Lectionary 204, designated by siglum ℓ 204 (in the Gregory-Aland numbering) is a Greek manuscript of the New Testament, on parchment. Palaeographically it has been assigned to the 11th century. 
Scrivener labelled it by 212evl.
The manuscript has complex context.

Description 

The codex contains lessons from the Gospels of John, Matthew, Luke lectionary (Evangelistarium), on 305 parchment leaves ().
The text is written in Greek minuscule letters, in one column per page, 10 lines per page. It contains musical notes. According to Scrivener it is "a very beautiful copy".
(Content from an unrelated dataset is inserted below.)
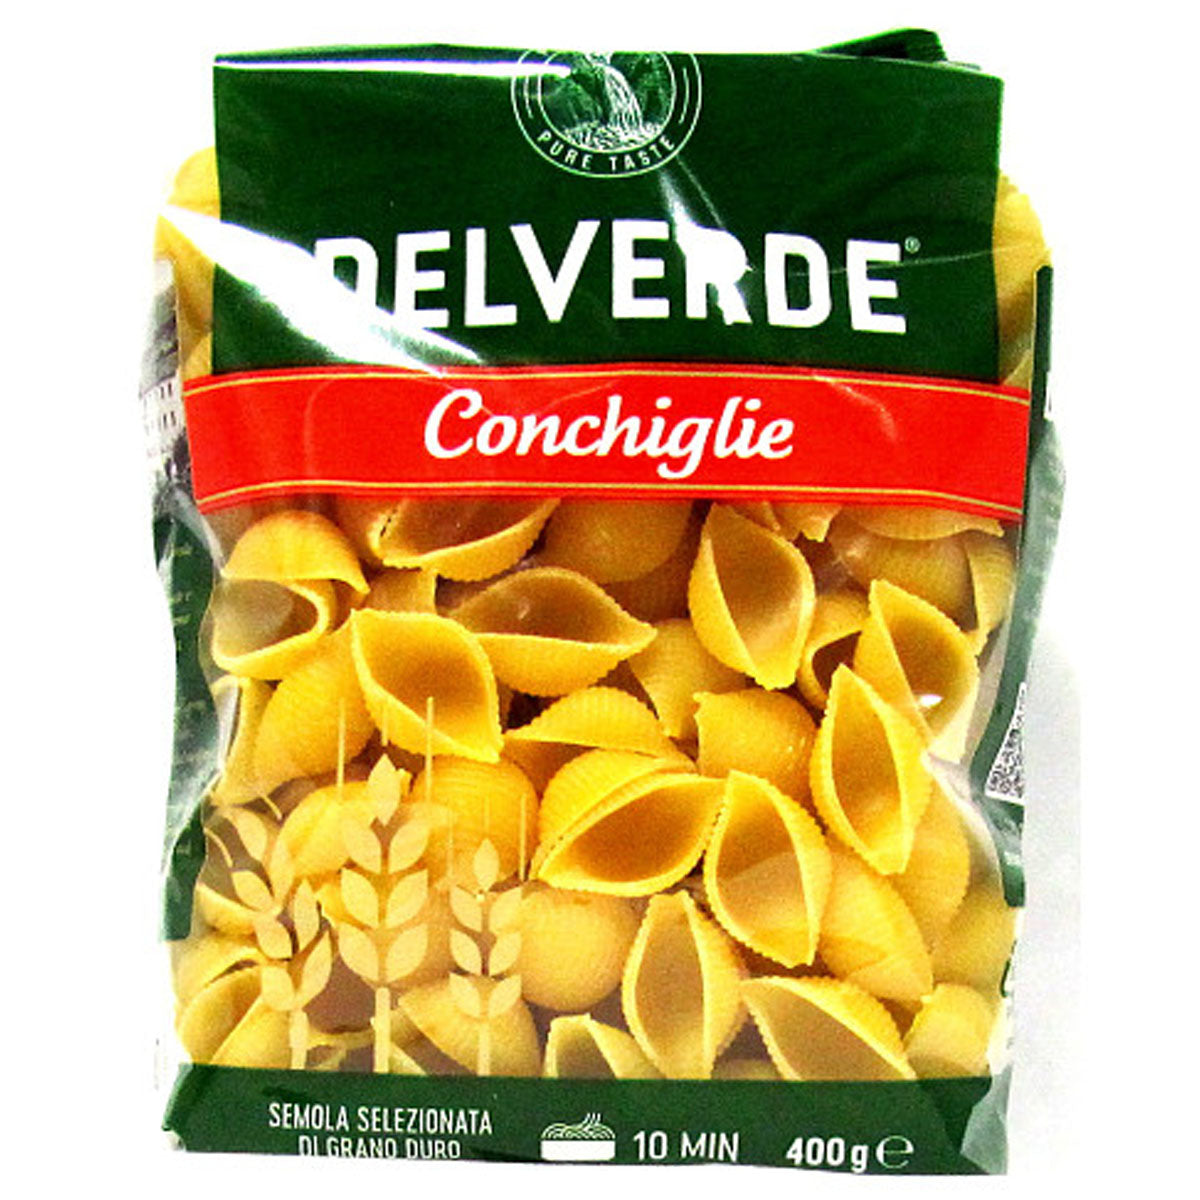 A bag of Del Verde - Conchiglie Pasta - 400g on a white background.

There are daily lessons from Easter to Pentecost.

History 

Scrivener and Gregory dated it to the 11th century. It has been assigned by the Institute for New Testament Textual Research to the 11th century.

The manuscript was added to the list of New Testament manuscripts by Scrivener (number 212) and Gregory (number 204). Gregory saw it in 1883.

The manuscript is not cited in the critical editions of the Greek New Testament (UBS3).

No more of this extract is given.